Penny: Anything else?
Sheldon: Yes. If you use my toothbrush, I will jump out that window. Please don't come to my funeral. Have a good night.

Quote from Sheldon in the episode The Dumpling Paradox

Sheldon: If we're all through playing "Mock the Flawed Technology", can we get on with Halo Night? We were supposed to start at 8, it is now 8:06.

Quote from Sheldon in the episode The Dumpling Paradox

Sheldon: Oh, what fresh hell is this?

Quote from Howard in the episode The Dumpling Paradox

Howard: See a Penny, pick her up, and all the day, you'll have good luck.
Penny: No, you won't.

Quote from Sheldon in the episode The Dumpling Paradox

Penny: Ugh, I cannot believe Christy let Howard into my apartment.
Sheldon: And I cannot believe people pay for horoscopes. But on a more serious note, it's 8:13 and we're still not playing "Halo".

Quote from Sheldon in the episode The Dumpling Paradox

Sheldon: One-on-one? We don't play one-on-one. We play teams, not one-on-one. One-on-one!

Quote from Sheldon in the episode The Dumpling Paradox

Sheldon: The wheel was a great idea. Relativity was a great idea. This is a notion, and a rather sucky one.

Quote from Sheldon in the episode The Dumpling Paradox

Penny: Cool! Whose head did I just blow off?
Sheldon: Mine!

Quote from Sheldon in the episode The Dumpling Paradox

Sheldon: Whoever's her partner will be hamstrung by her lack of experience, not to mention-
Penny: Ha-ha! There goes your head again.
Sheldon: Okay, it's not good sportsmanship to shoot somebody who's just re-spawned. You need to give them a chance to-
Now, come on!

Quote from Penny in the episode The Dumpling Paradox

Penny: I grew up on a farm. From what I heard, they're either having sex or Howard's caught in a milking machine.

Quote from Sheldon in the episode The Dumpling Paradox

Leonard: You have a TV in your room. Why don't you have breakfast in bed?
Sheldon: Because I am neither an invalid nor a woman celebrating Mother's Day.

Quote from Howard in the episode The Dumpling Paradox

Howard: By the way, where did you get that loofah mitt?

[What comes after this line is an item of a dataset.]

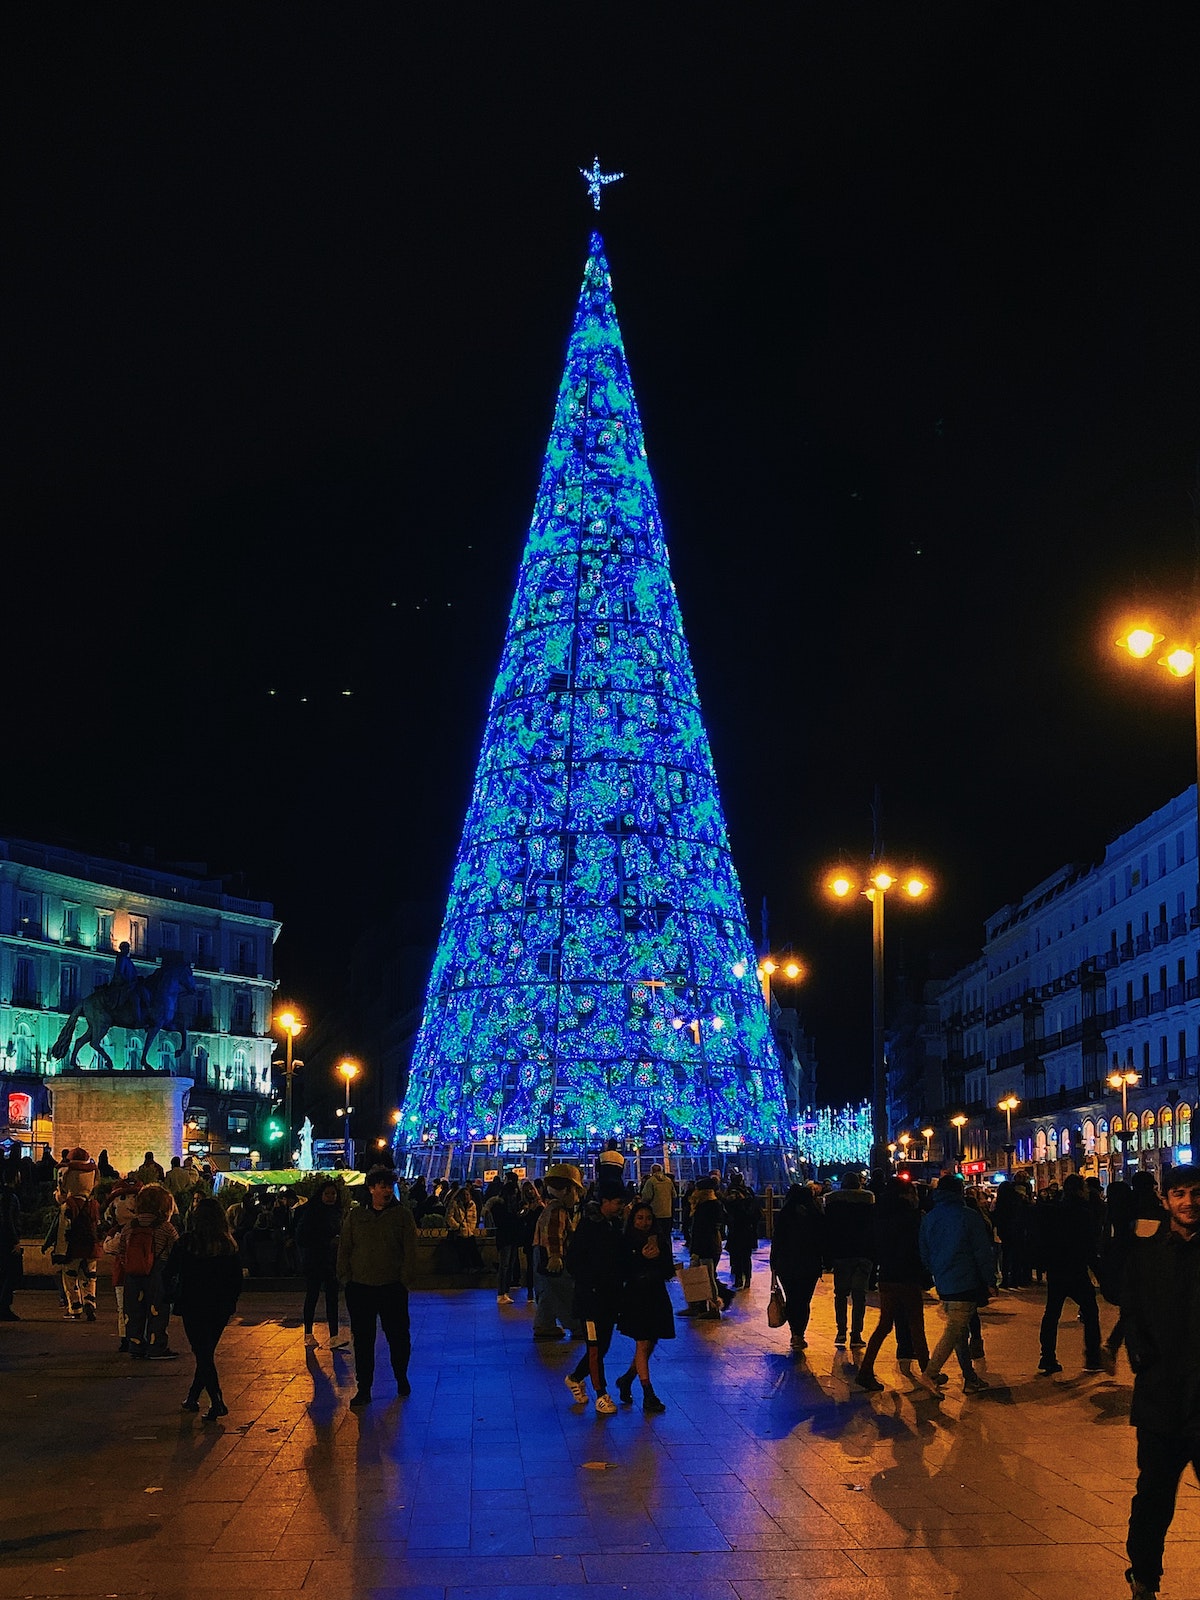 Large blue Christmas tree in a city plaza at night

Yours reaches places that mine just won't.
Penny: You used my loofah?
Howard: More precisely, we used your loofah. I exfoliated her brains out!

Quote from Sheldon in the episode The Dumpling Paradox

Christy: Mmm! There's my little engine that could.
*Howard makes train noise*
Sheldon: There's one beloved children's book I'll never read again.

Quote from Howard in the episode The Dumpling Paradox

Howard: When they perfect human cloning, I'm gonna order 12 of those.

Quote from Howard in the episode The Dumpling Paradox

Penny: She'll have sex with anyone as long as they keep buying her things.
Howard: Really?
Penny: Yeah!
Howard: Yay! If you'll excuse me, I have some bar mitzvah bonds to cash.